# Nightly training/excersises.



## janz99 (Aug 23, 2010)

Hey guys, is there any specific training excersises that you do every night with your puppy? We have a six month old girl and id like to switch it up for her and start training a somthing new, or different for her to learn. 

Right now every night before she goes to bed, we go through the sit, lay down, stay, kennel, bed, shake a paw, high five, and just overal have some fun with the commands and treats. Id like to introduce the heal command, but im not really sure how to. She walks fairly well on a leash, with minimal pulling, but would like her to actually come to heal on command without me having to bring her there. 

Ryan


----------



## Chestersmum (Jun 21, 2010)

You could introduce clicker training and start building her 'tricks' up. I found some books really helpful as I ran out of ideas to teach my V! For example to get her brain working and you can do inside is teach her to tip something like a bin over (maybe think before you teach in case she starts doing it with your kitchen bin!).

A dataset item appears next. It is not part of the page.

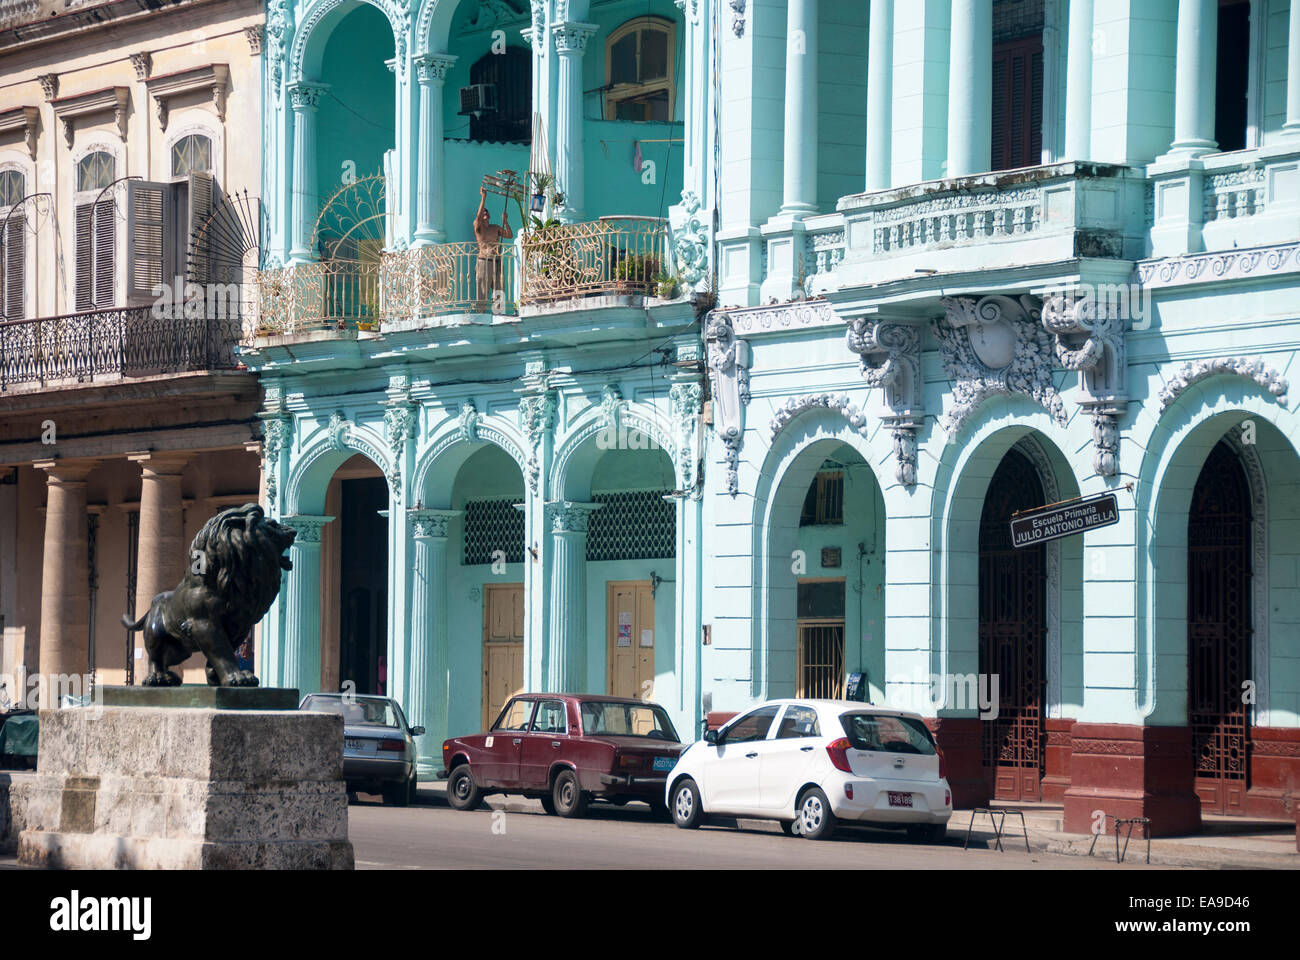 Une école primaire fait partie de la couleur des exemples d'architecture coloniale espagnole sur le Prado (Paseo de Marti) à La Havane Cuba Banque D'Images

Place the bin in the middle of the floor and just sit back with the clicker. If she goes near it C&T, then again then again, then ask for more like a nudge of it C&T, eventually you can build her up until she works out to get the treat she needs to tip it over. I would probably take her a fair amount of time. I like these build up exercises as the dog needs to work it out for themselves with no actions from you apart from a C&T when they start to do what you would like. A 6 months she might get a bit bored after a while so short exercises at first. 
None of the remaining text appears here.